I’m not sure what else falls into this category, but those are three things that do.

Anyway. That’s where I’m at right now.

TTFN,
Ms Syren.

[1] No, really. It’s been ages and we’ve both been missing it.

[2] This, too. I feel… re-calibrated, or like I’ve got my balance back after a long time of feeling slightly “off”. It’s such a relief.

[3] Which, fyi, also helped to get me re-calibrated. It was like getting my touch-bank filled up again. It was great!

[4] For a given value of “help”. Having to say “can you do the dishes tonight” when the expectation is that she does the dishes every night… means that something is up enough that this is no-longer a given. At which-point something in my up-bringing takes over and I feel like I should just be doing it myself. Which I hate.

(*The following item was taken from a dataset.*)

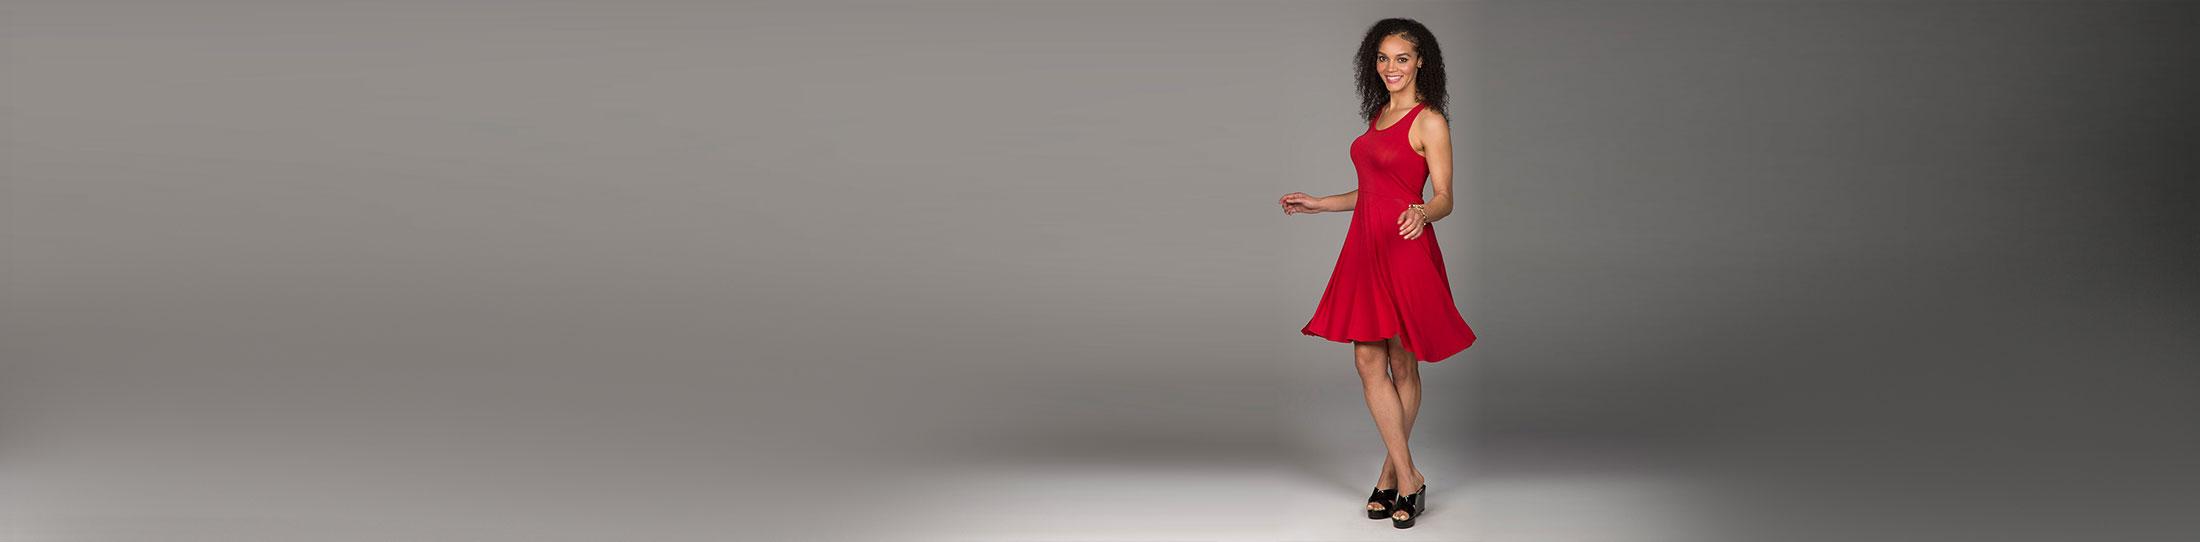 product-category-banner-short-dresses.jpg
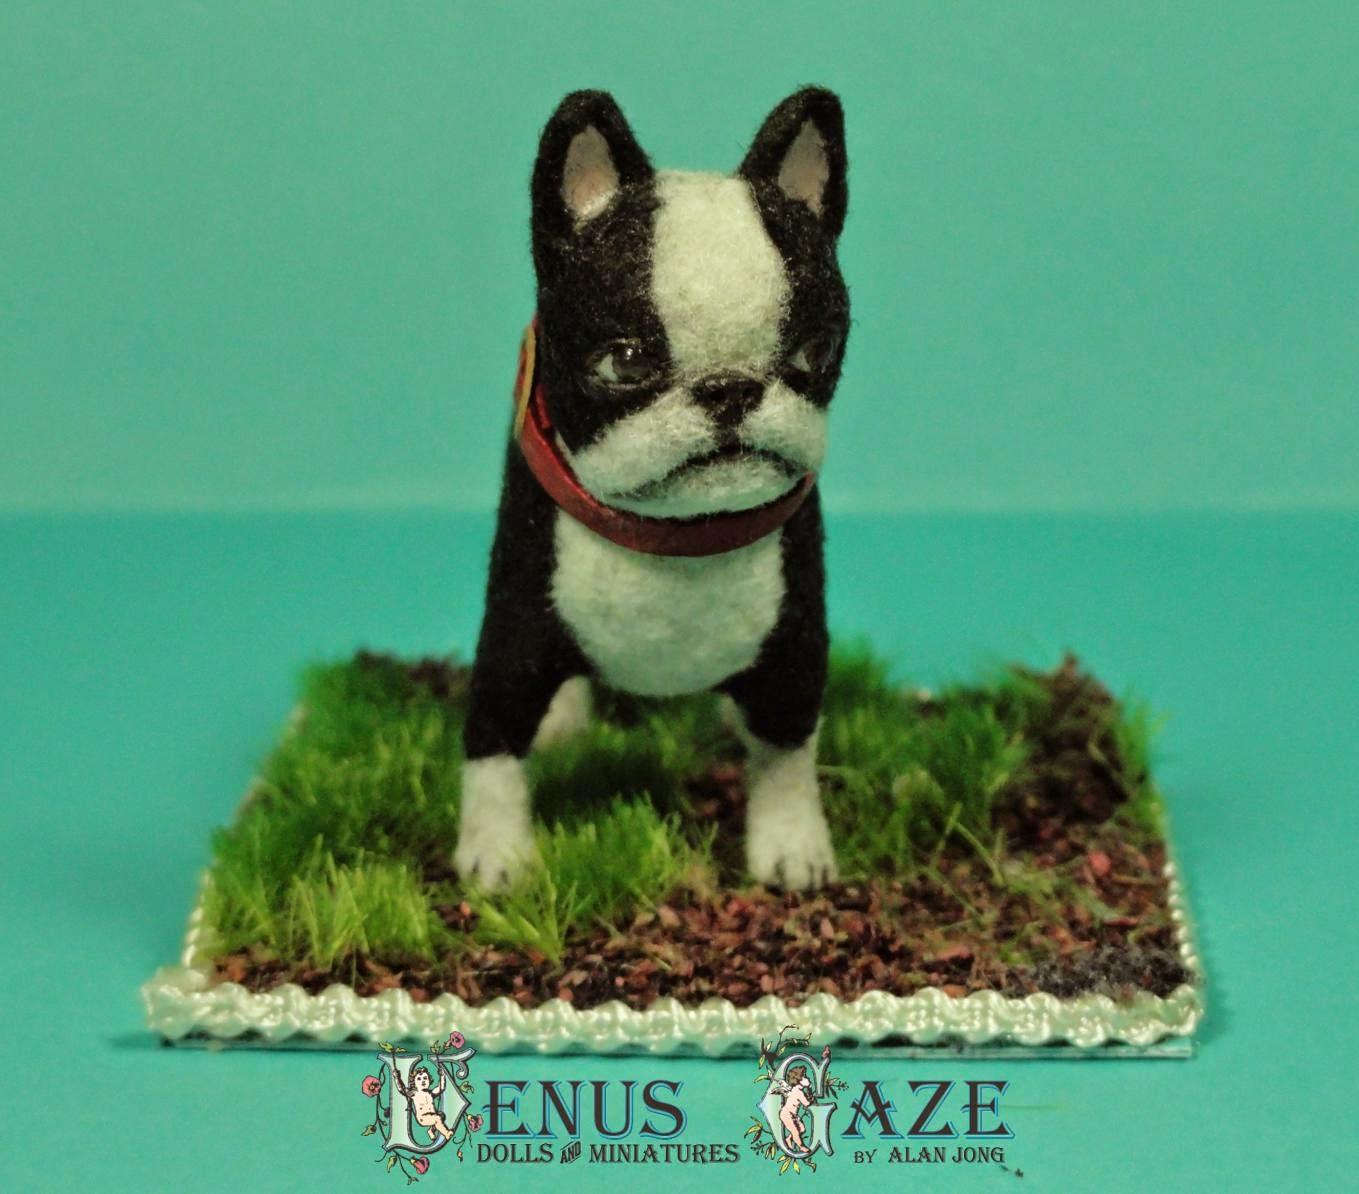 Venus Gaze Miniature Doll Art: Tiny Stare #1 Bostion Terrier

Etc.

[5] Okay, Caveate: When I’m digging into my own entitlement and throwing me-me-me stuff on The List, I do need to be aware of her energy-levels and so-on. (Case in point: Today, in light of both (a) her being on the mend and needing to be gentle with herself, and (b) this needing to be done sooner rather than later, I’m having her do some leather-care because it’s something she can do sitting down and which won’t take it out of her too much).

[6] By-which I mean “feel like all goals are being met”.